§ What to produce: Exact copy, no pictures: repeat the data that follows.

Start of Dataset content

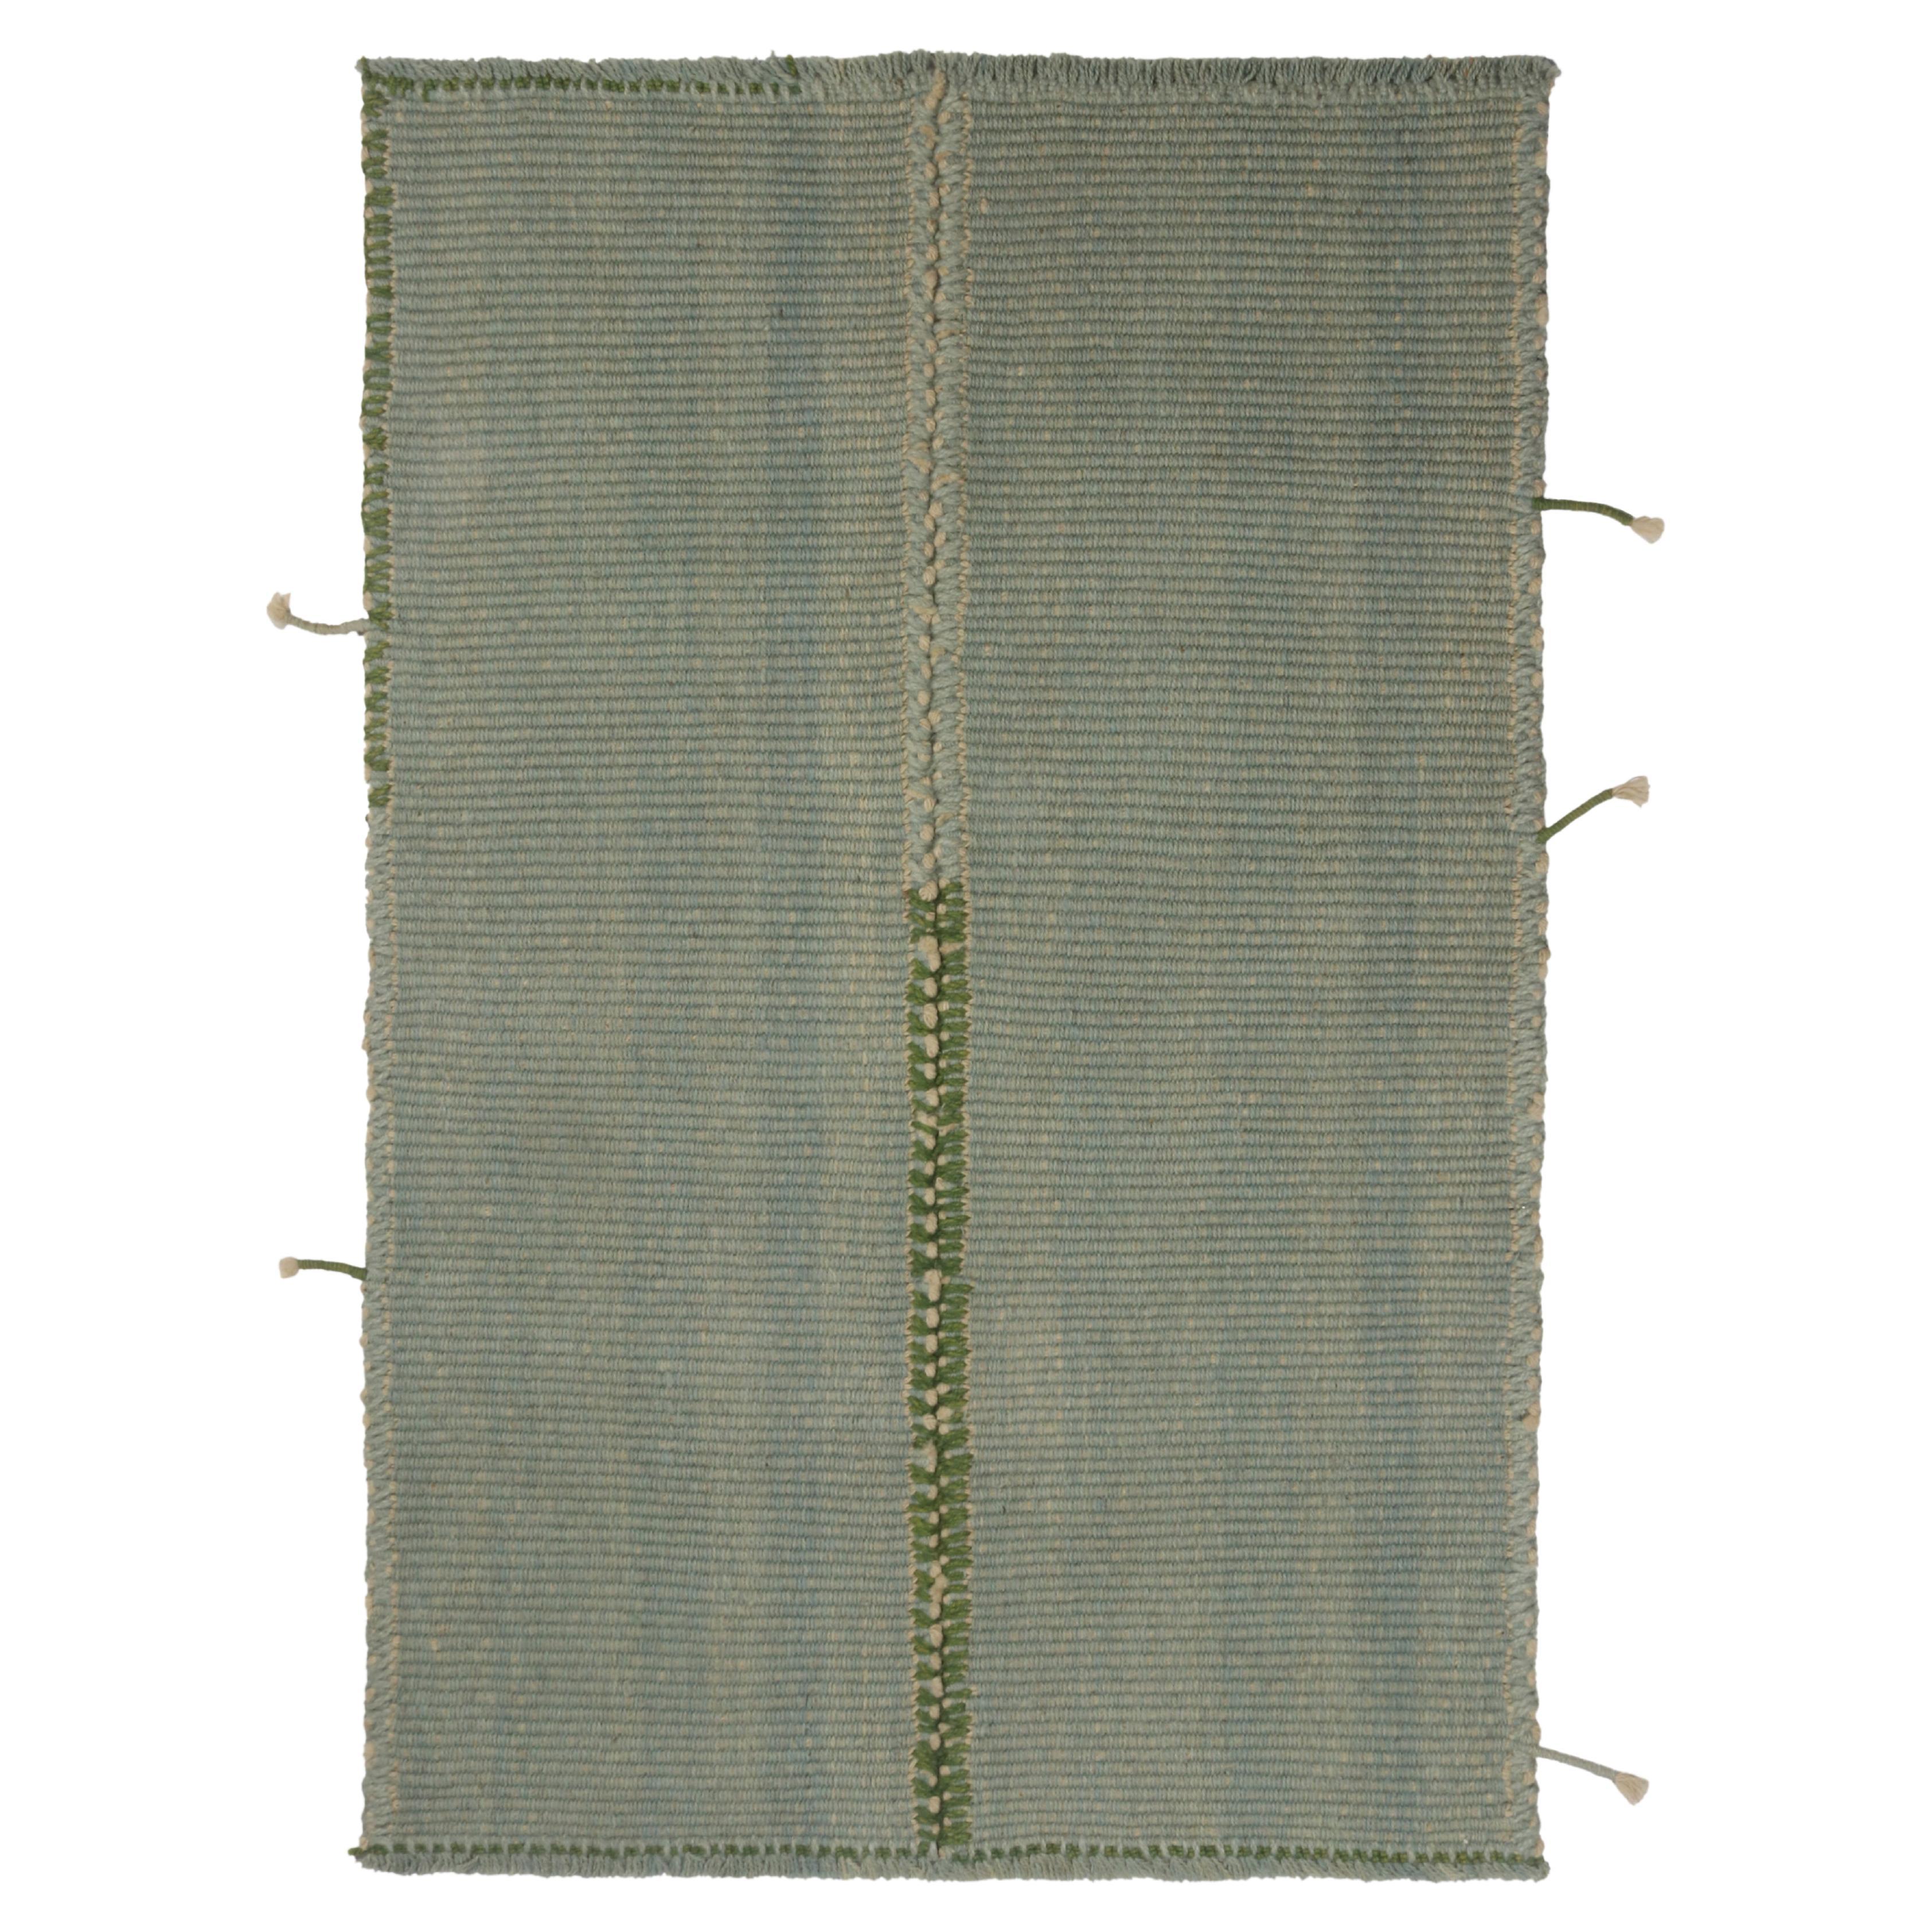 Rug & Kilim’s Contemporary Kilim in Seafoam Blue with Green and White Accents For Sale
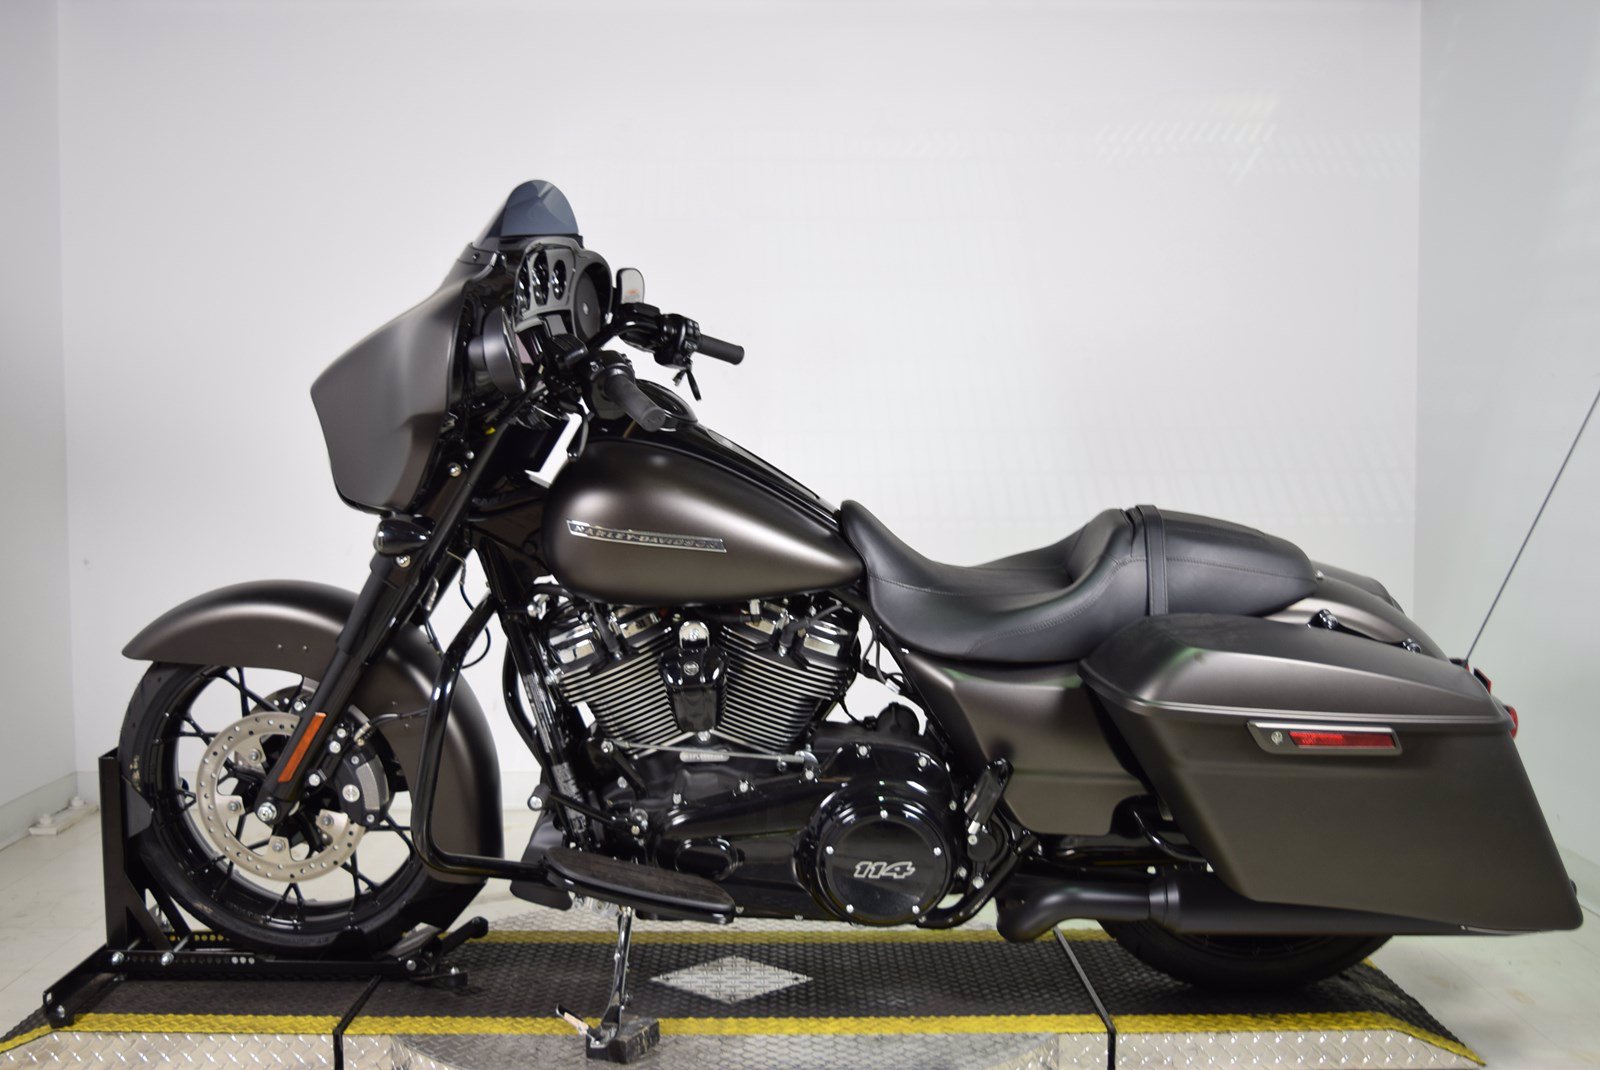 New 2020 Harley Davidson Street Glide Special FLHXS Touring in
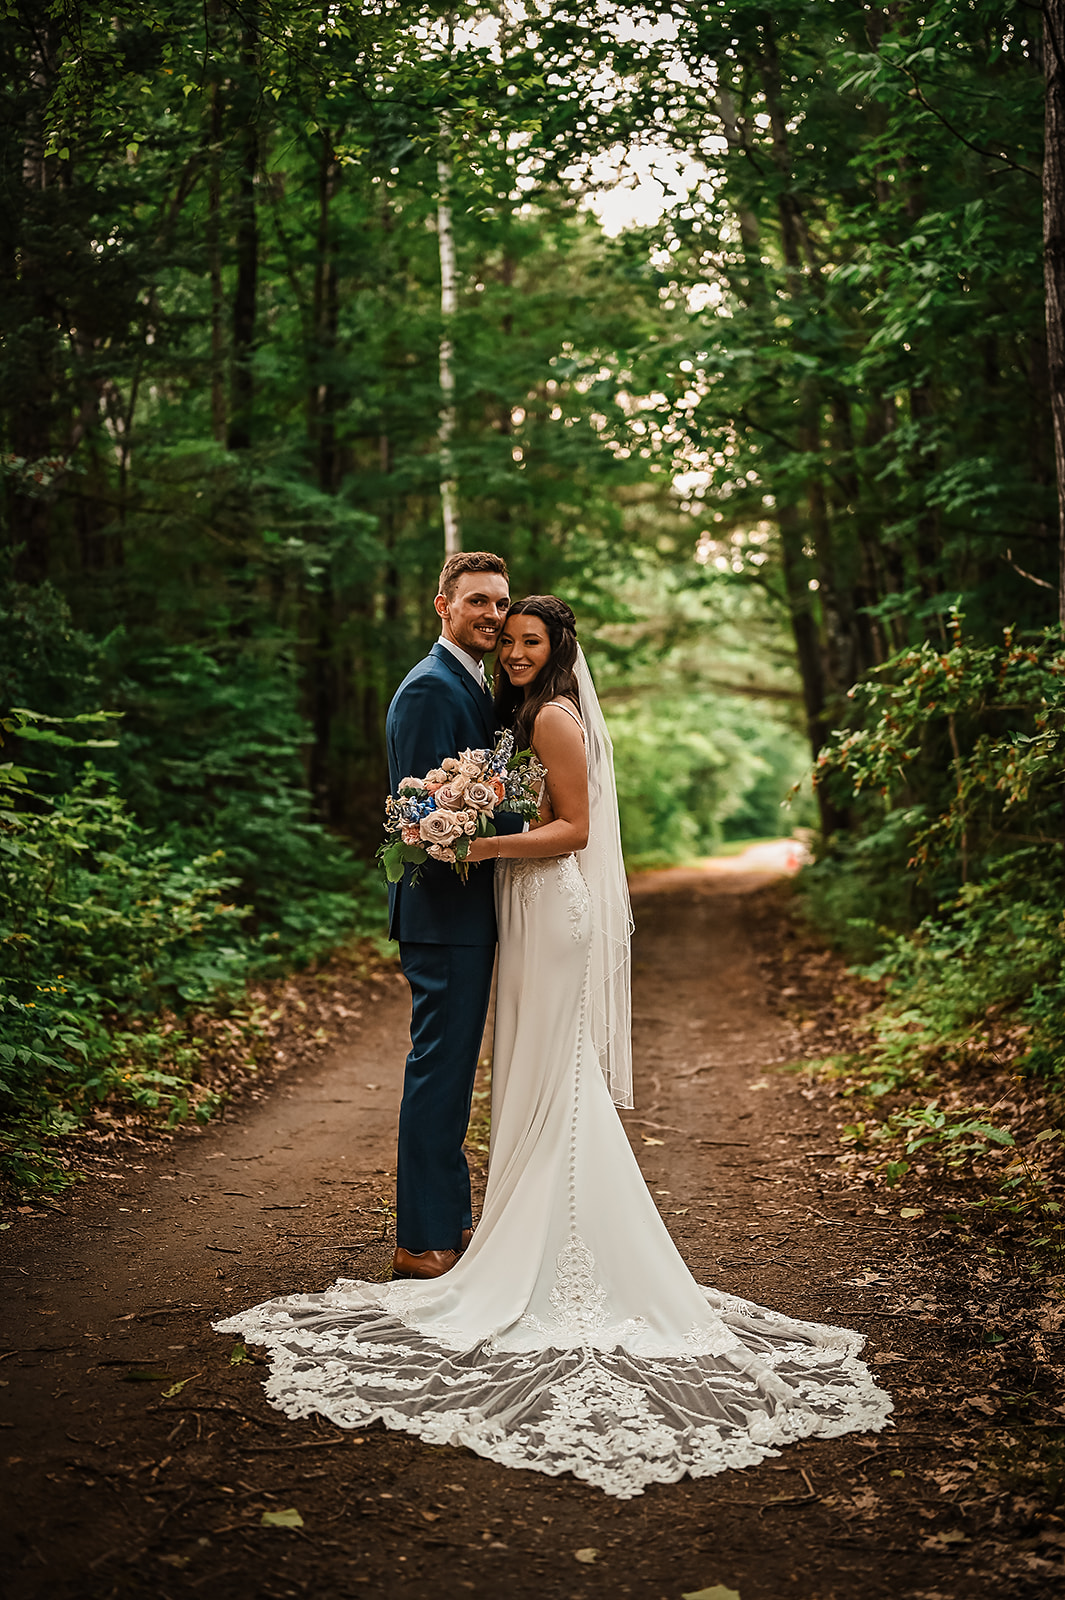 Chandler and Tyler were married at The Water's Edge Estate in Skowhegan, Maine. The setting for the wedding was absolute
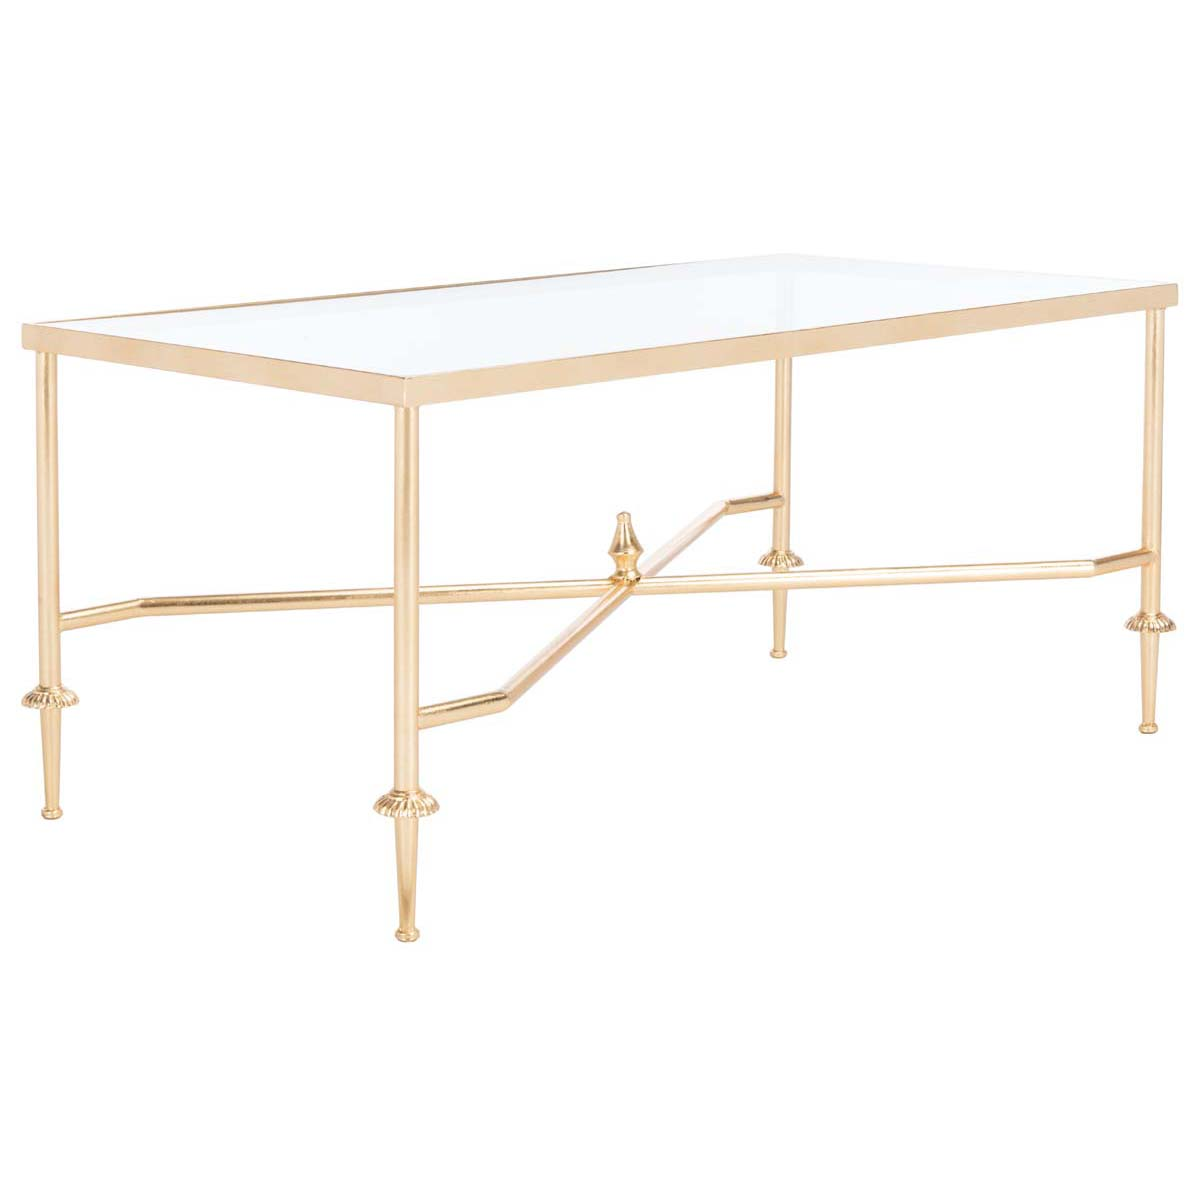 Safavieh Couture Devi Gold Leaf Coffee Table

End of Dataset content

§ Your response:
 Rug & Kilim’s Contemporary Kilim in Seafoam Blue with Green and White Accents For Sale
 New 2020 Harley Davidson Street Glide Special FLHXS Touring in
 Chandler and Tyler were married at The Water's Edge Estate in Skowhegan, Maine. The setting for the wedding was absolute
 Safavieh Couture Devi Gold Leaf Coffee Table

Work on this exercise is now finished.